On the evening of September 8, 1935, Dr. Carl Weiss confronted Huey Long in the first-floor corridor. Weiss shot Long, and Long's bodyguards—Louisiana State Police—immediately gunned Weiss down. The alleged motive: Long was about to gerrymander Weiss's father-in-law, Judge Benjamin Pavy, out of office. Long survived two days at Our Lady of the Lake Hospital before dying on September 10. Approximately 100,000 mourners—some from Arkansas, Mississippi, and Texas—filed past his body as it lay in state inside the capitol. He was buried on the grounds, and in 1940 a marble pedestal topped with a bronze statue by Charles Keck replaced his original tombstone. The bullet holes from the shooting remain visible in the corridor columns, just outside the governor's office. In 1970, a bomb of twenty or more sticks of dynamite detonated in the Senate Chamber in retaliation for police shootings of African Americans. The building survived, as it has survived everything Louisiana's turbulent history has thrown at it.

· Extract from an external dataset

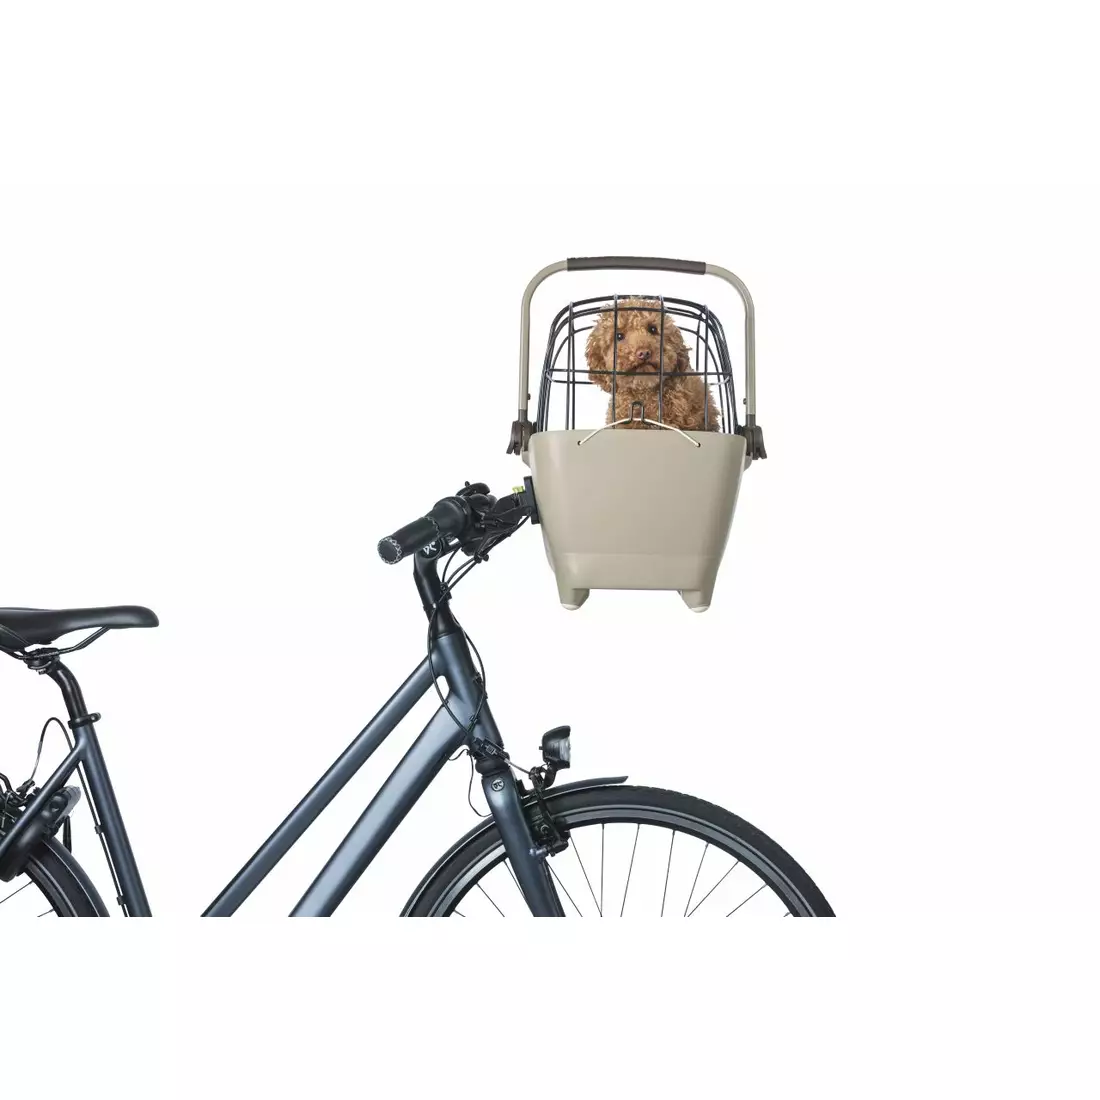 BASIL BUDDY KF Fahrrad-Vorderkorb für einen Hund mit Kissen, braun

The Louisiana State Capitol is located at 30.457°N, 91.187°W in downtown Baton Rouge, directly overlooking the Mississippi River to the west. At 34 stories, it is the tallest building in Baton Rouge and unmistakable from the air—a slender Art Deco tower with an octagonal upper section and beacon lantern. The Capitol Gardens spread south and east, with Huey Long's burial monument visible as a focal point in the south park. Nearest airports: Baton Rouge Metropolitan (KBTR, 6 nm north) and Ryan Field (L38, 14 nm south). Best viewed at 2,000–3,000 ft AGL on a Mississippi River approach from the south, where the tower rises above the tree canopy.